# Little emersed jar NOW 29G EMERSED



## Morgan Freeman (11 Oct 2011)

Garden dirt filled with water and a little trace fert mix under an 11watt 6500k lamp. Some h.polysperma, ludwigia, java moss and others I don't recognise as I had thrown them out as cuttings and left them in my terrarium, only to find they grew emersed without even being planted.

I have a 30cm cube and a garden bowl I'd like to use for even more emersed growing. I have a tonne of pilea cardieri I can use.

Here it is. Please note I've drained a little water since taking these pics.


----------



## ghostsword (11 Oct 2011)

*Little emersed jar*

Looks very good. 


.


----------



## Morgan Freeman (31 Oct 2011)

*Re: Little emersed jar*

Moved it to the windowsill and everything burnt to a crisp.


----------



## spyder (31 Oct 2011)

*Re: Little emersed jar*

Direct sunlight can be risky. Indirect should be cool. 
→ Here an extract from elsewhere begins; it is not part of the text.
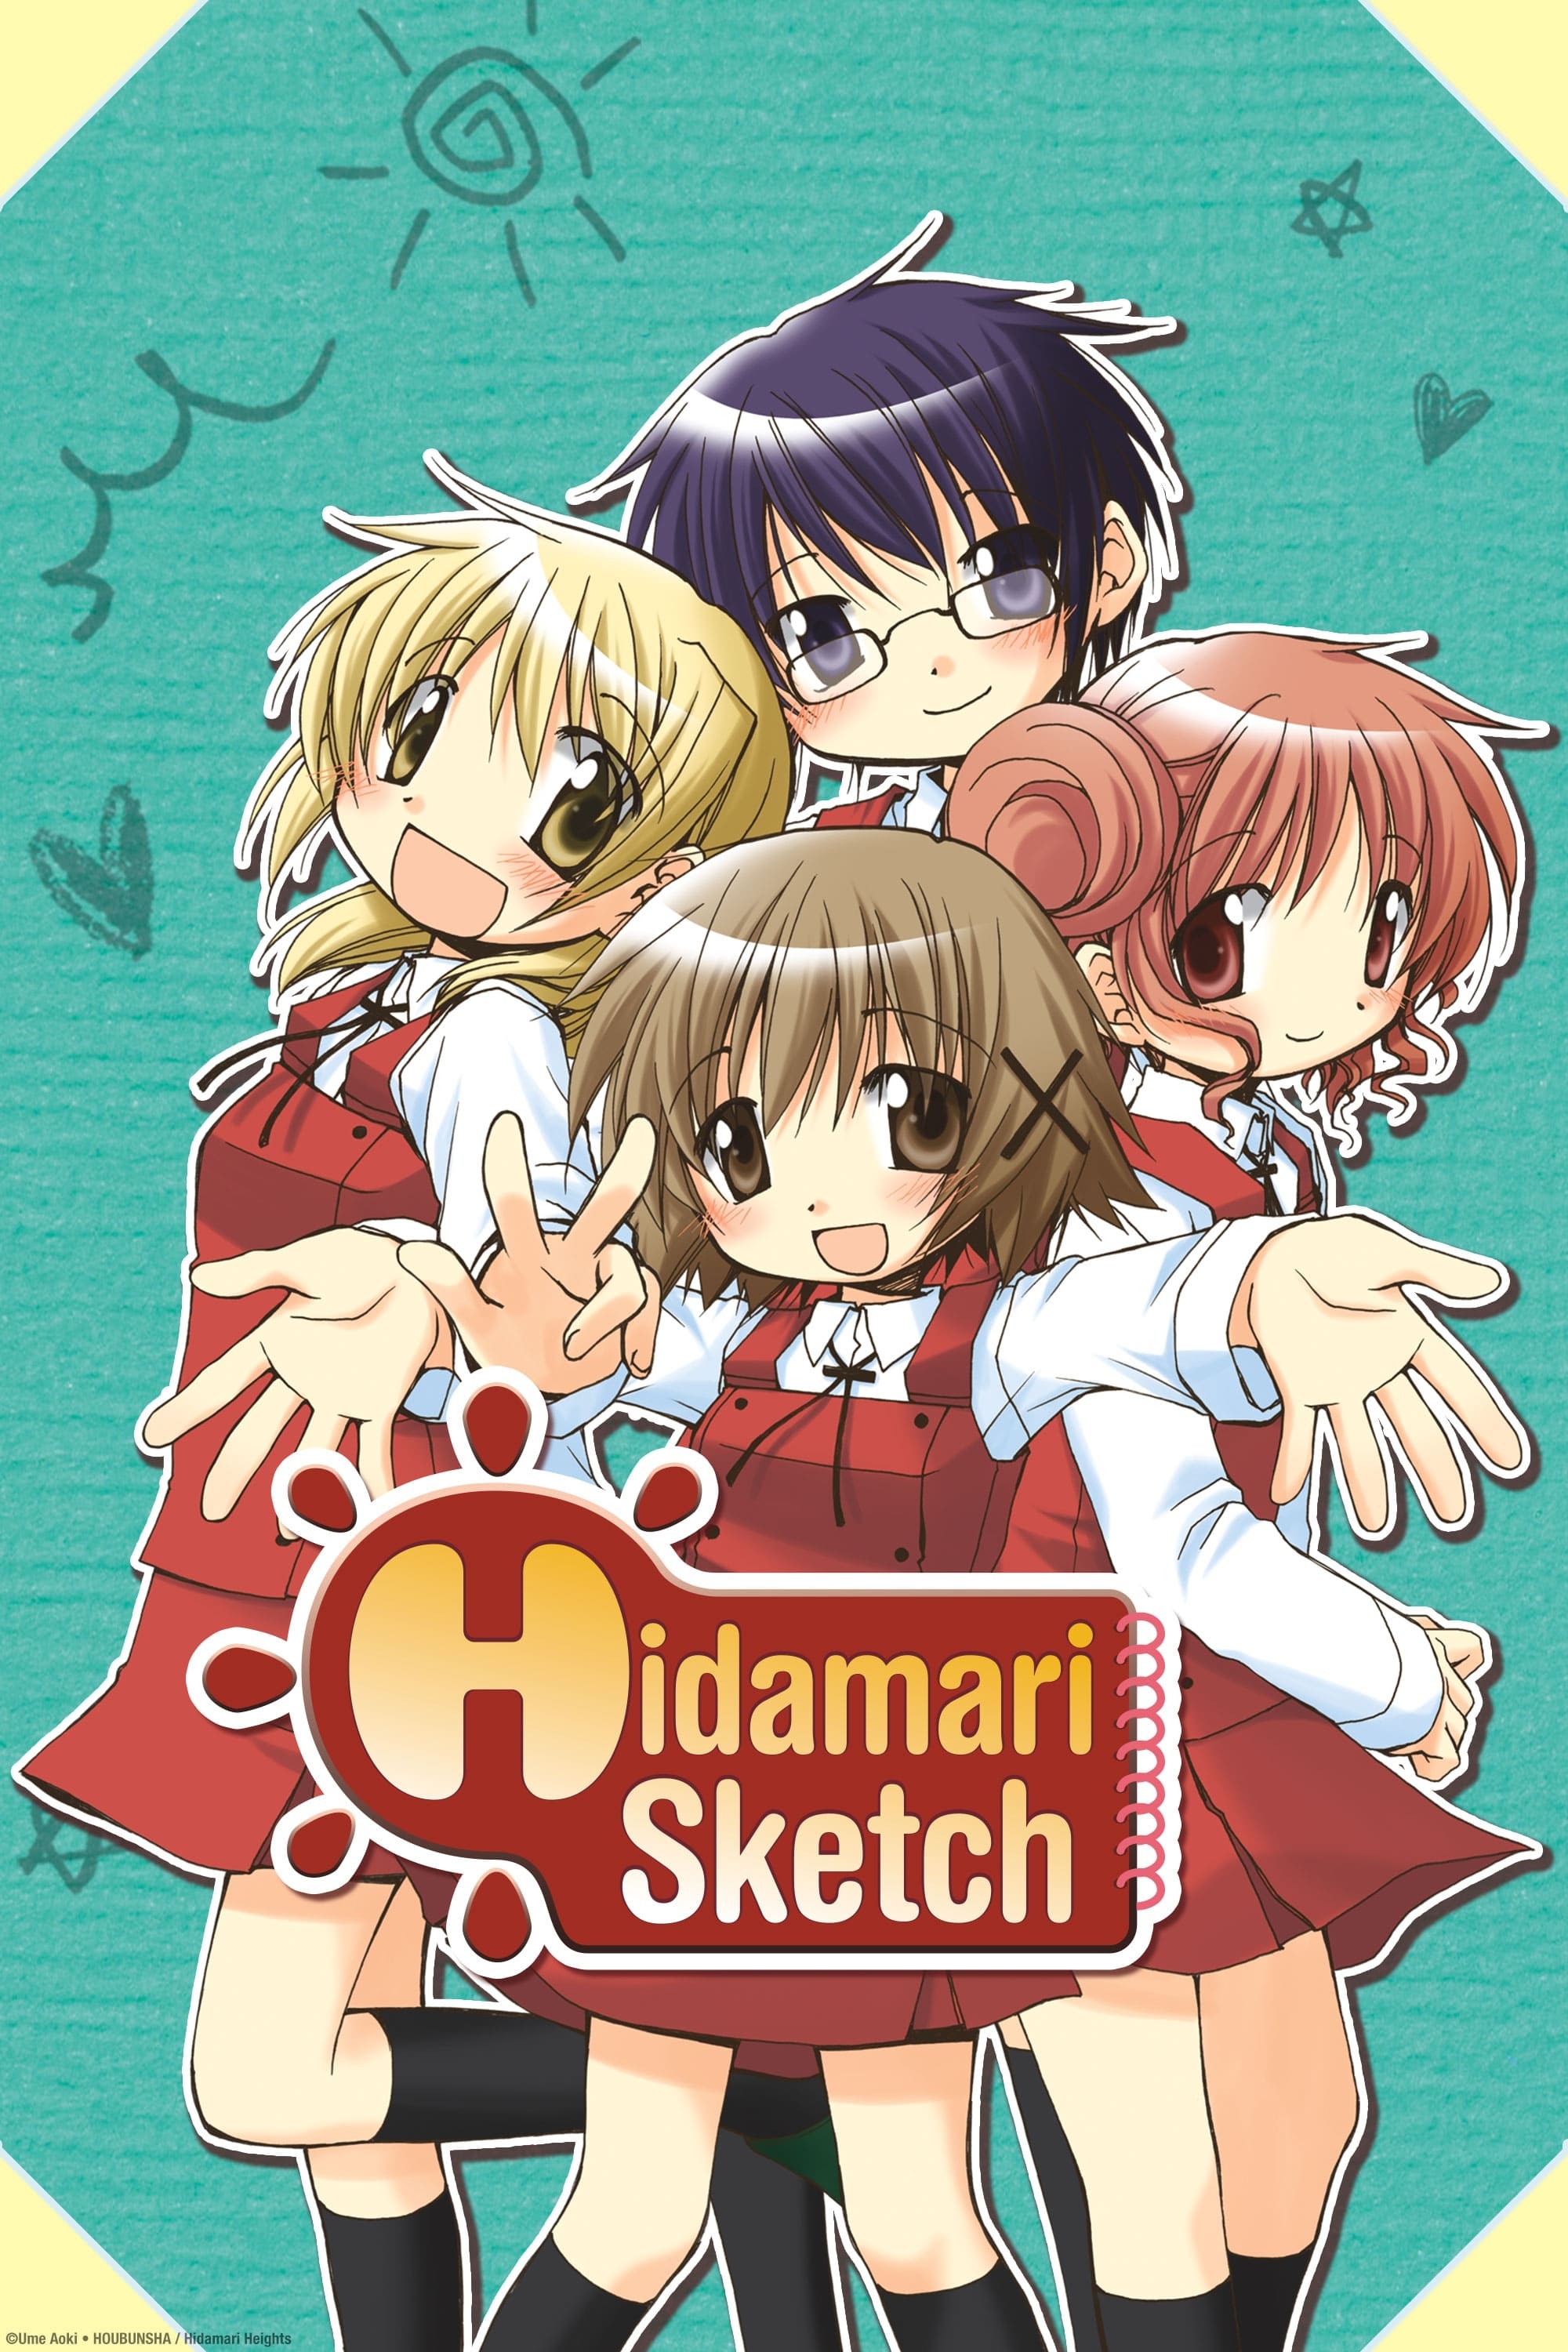 Hidamari Sketch (2007)

Get some more trimmings in there.


----------



## Morgan Freeman (31 Oct 2011)

*Re: Little emersed jar*

Double post.


----------



## Morgan Freeman (31 Oct 2011)

*Re: Little emersed jar*

Everything is now in an emersed 29 gal! Some cryptocorynes being delivered soon...


----------



## Morgan Freeman (3 Nov 2011)

And they came.

Hygros, ludwigia, anubias nana, various crypts, some mini swords....Tank cost me a fiver to set up.


----------



## ghostsword (4 Nov 2011)

Great! 

keep it closed so that the moisture stays in.  
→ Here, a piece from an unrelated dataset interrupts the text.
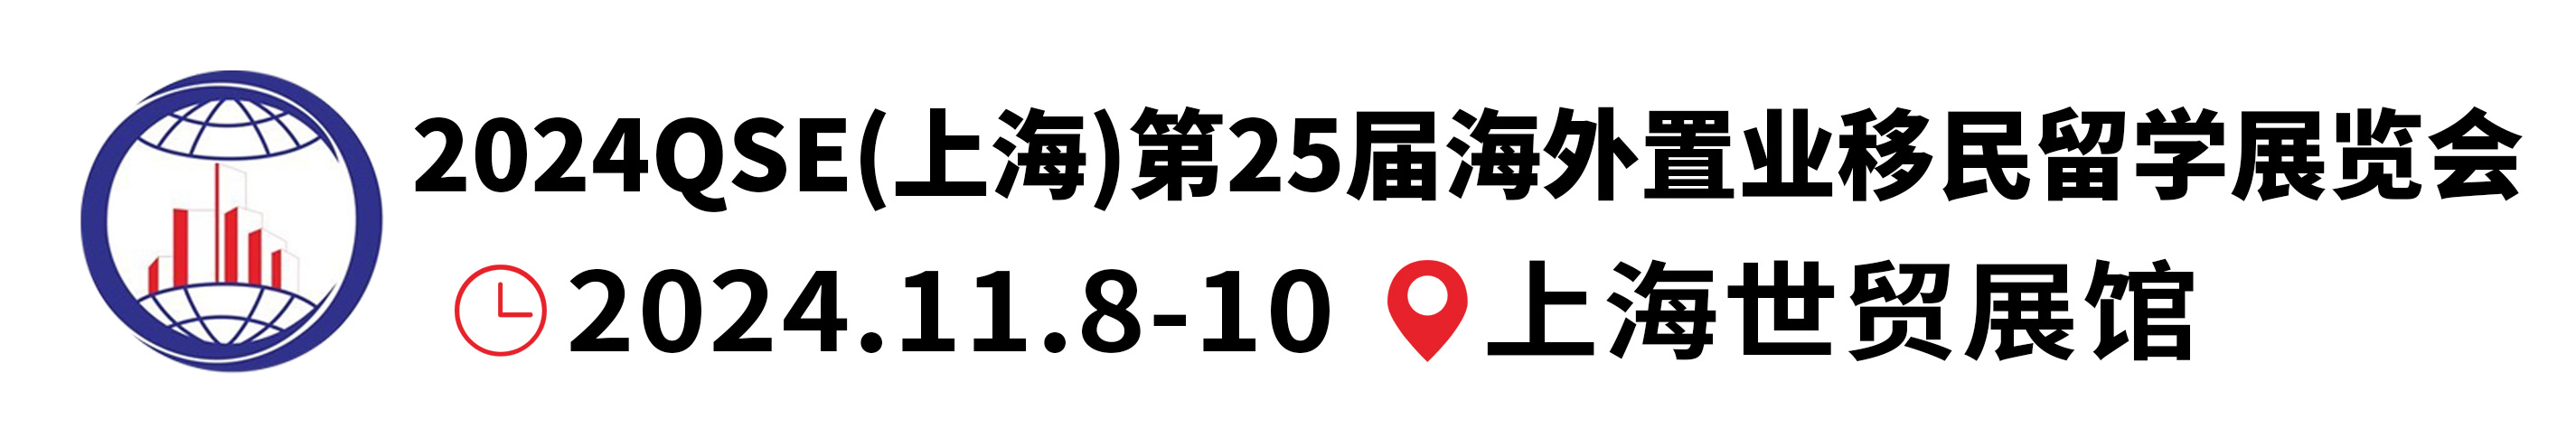 2024上海第25届海外置业移民留学展览会-官方网站

I got a similar setup, but no soil, just gravel and plants on pots, easy to change water, and as I dose ferts on the water, the plants get all they want. 

Looking good.


----------



## spyder (4 Nov 2011)

Don't fry em. Looking good will be nice when it all fills in. 

It makes me want to try it in a 20cm cube


----------



## Morgan Freeman (4 Nov 2011)

I'll try not to!

It's just two CFL bulbs, ones only 11watts.


----------